The Sea Girt kitchen is abuzz this weekend and dessert is the feature. (when isn’t it)
Cindy Depice and cousin Kate Mundell passed on their creations.
- Cindy’s Blueberry Pie
- Kate’s Brown Butter Cookies
Marilyn’s Blueberry pie (made by Cindy)
Pastry for 1 9” pie crust, baked until golden brown
1 egg white
4 cups blueberries, sorted and cleaned
½ cup water
2 tablespoons cornstarch
2 tablespoons water
½ cup sugar
2 tablespoons lemon juice
Topping: crème fraiche or whipped cream or ice cream
Cool the baked crust slightly, then brush inside with egg white. If any solidifies and
turns white, quickly wipe away with a paper towel. Set aside.
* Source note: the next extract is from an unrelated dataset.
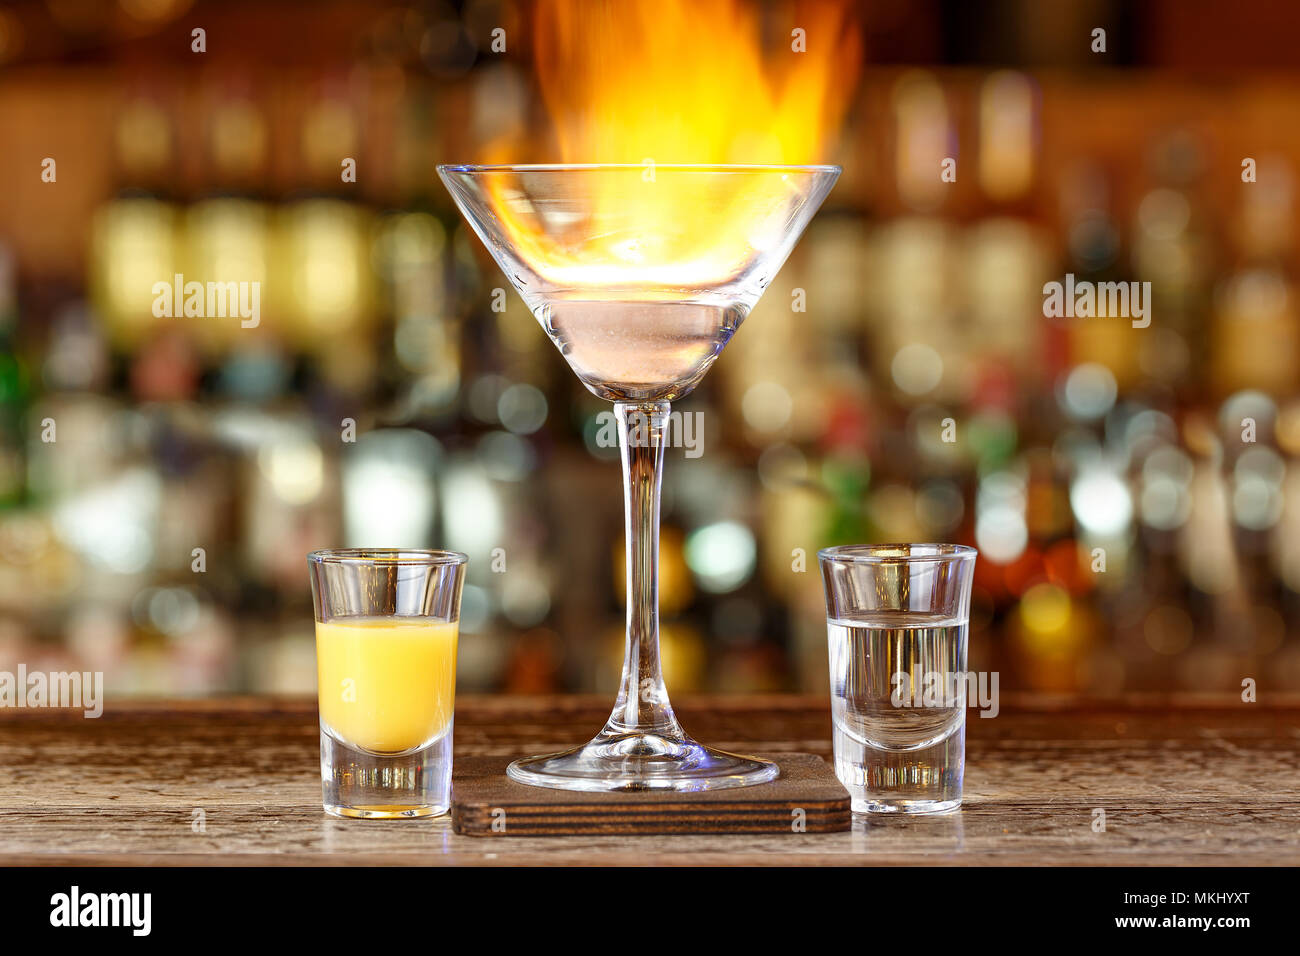 Cocktail auf der Basis von Spirituosen Malibu und rum stehen auf einer Bar in einem Restaurant auf einem verschwommenen Hintergrund der Flaschen Stockfoto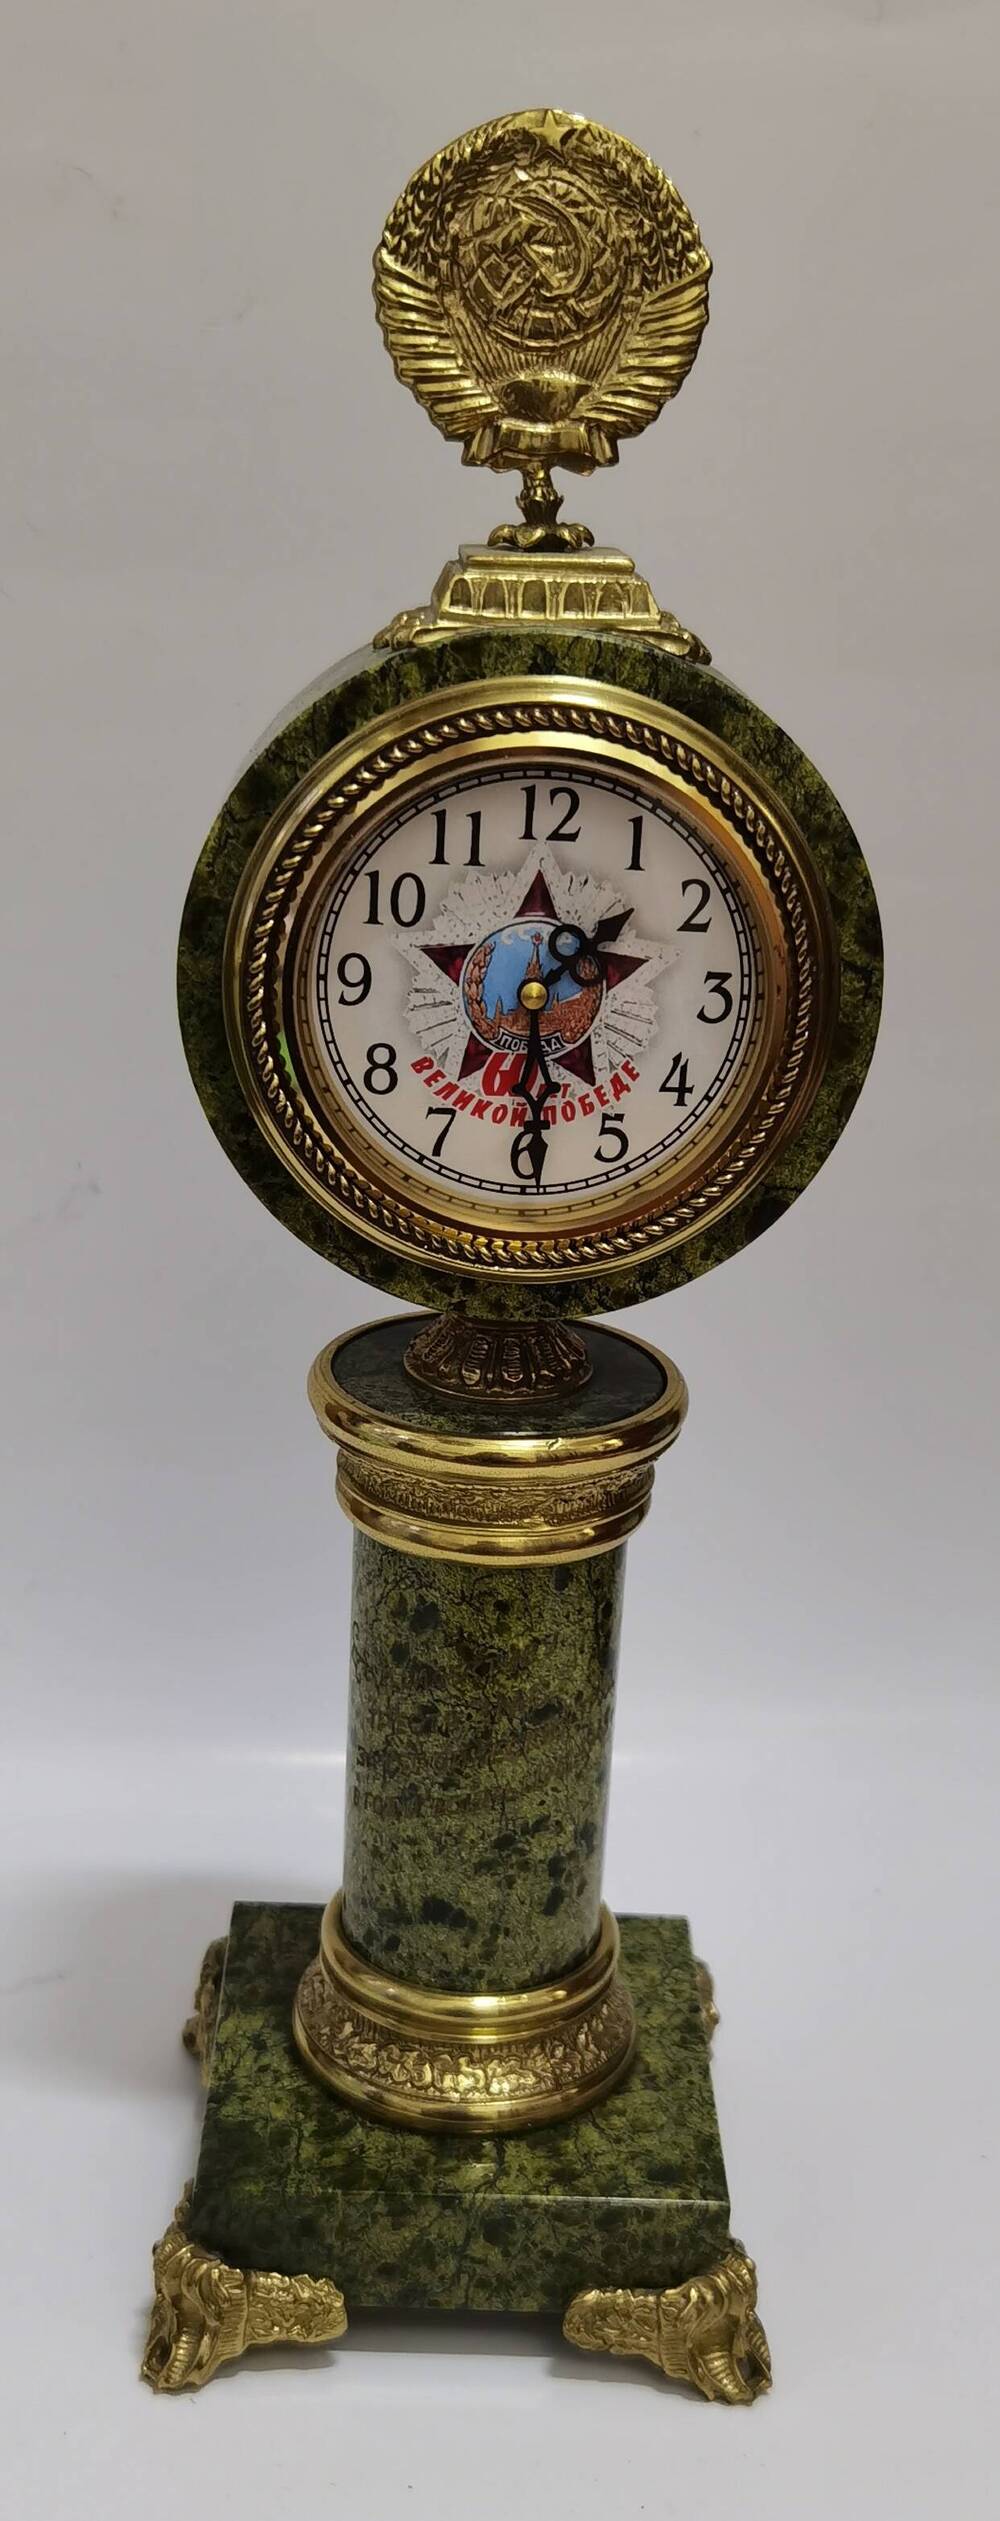 Часы настольные механические, в корпусе из полированного змеевика, посвященные 60-летию Великой Победы.

Place 3 cups of berries in a mixing bowl and set aside.Place remaining blueberries
in a saucepan with ½ cup water and bring to boil. Simmer 3-4 minutes.
In a separate bowl, mix cornstarch and 2 tablespoons water until smooth.
Add the cornstarch mixture, ½ cup sugar and lemon juice to saucepan and stir until the sauce thickens, about 1 minute. Pour the hot sauce over the fresh blueberries and stirgently until all the berries are coated. Pour blueberries into pie shell and let the pie set up for 2 hours at room temperature.
Serve with crème fraiche, whipped cream or ice cream.
This pie will keep for 2 days but is best the day it is made.
Brown Butter Chocolate Chip Cookies
1 c ( 2 sticks ) unsalted butter
1 1/4 c packed light brown sugar
1/2 c granulated sugar
1 large egg
1 large egg yolk
2 1/4 c flour
1/2 tsp baking soda
1/2 tsp salt
1 tsp vanilla extract
1 1/2 c semi-sweet chocolate chips
Line a cookie sheet with parchment paper, foil or silpat. Set aside.
Place butter in a medium saucepan and brown. My tip on browning butter: set the heat to medium and let the butter melt; it will be splattering so you may want to put the lid on but leave a small crack open; you can swirl the saucepan once in a while; as soon as the butter calms down and the noise dies down – start watching the butter, it will brown quickly from this point; the nutty fragrance and dark brown color is what you want.
Take of the heat and let cool for few minutes.
To distract yourself, place egg and egg yolk in a small measuring cup and slightly beat with a fork. Set aside.
In a medium mixing bowl, whisk together the dry ingredients ( flour, soda and salt ). Set aside.
Pour the butter in a large mixing bowl and let cool few more minutes. Add brown sugar and granulated sugar and mix on low or “stir” ( for those with standing mixers ).
Add the eggs and vanilla and mix until smooth, about 1 minute.
Now switch to a wooden spoon or a spatula. Add the dry ingredients all at once, following by the chocolate chips. Now gently fold it all in, until a uniform dough form. It will be quite dry and crummy. Place the dough in the fridge for 1 hour.
Preheat your oven to 350 degrees.
Scoop the dough out with a cookie scoop or a tablespoon and roll into a ball in your hands. Place on a prepared cookie sheet.
Bake for 5 minutes, pulled it out, flatten the cookies with the back of a metal spatula and return to the oven.
Bake additional 5 – 6 minutes. Cool on a sheet for 1 minute and transfer to a wire rack to cool completely.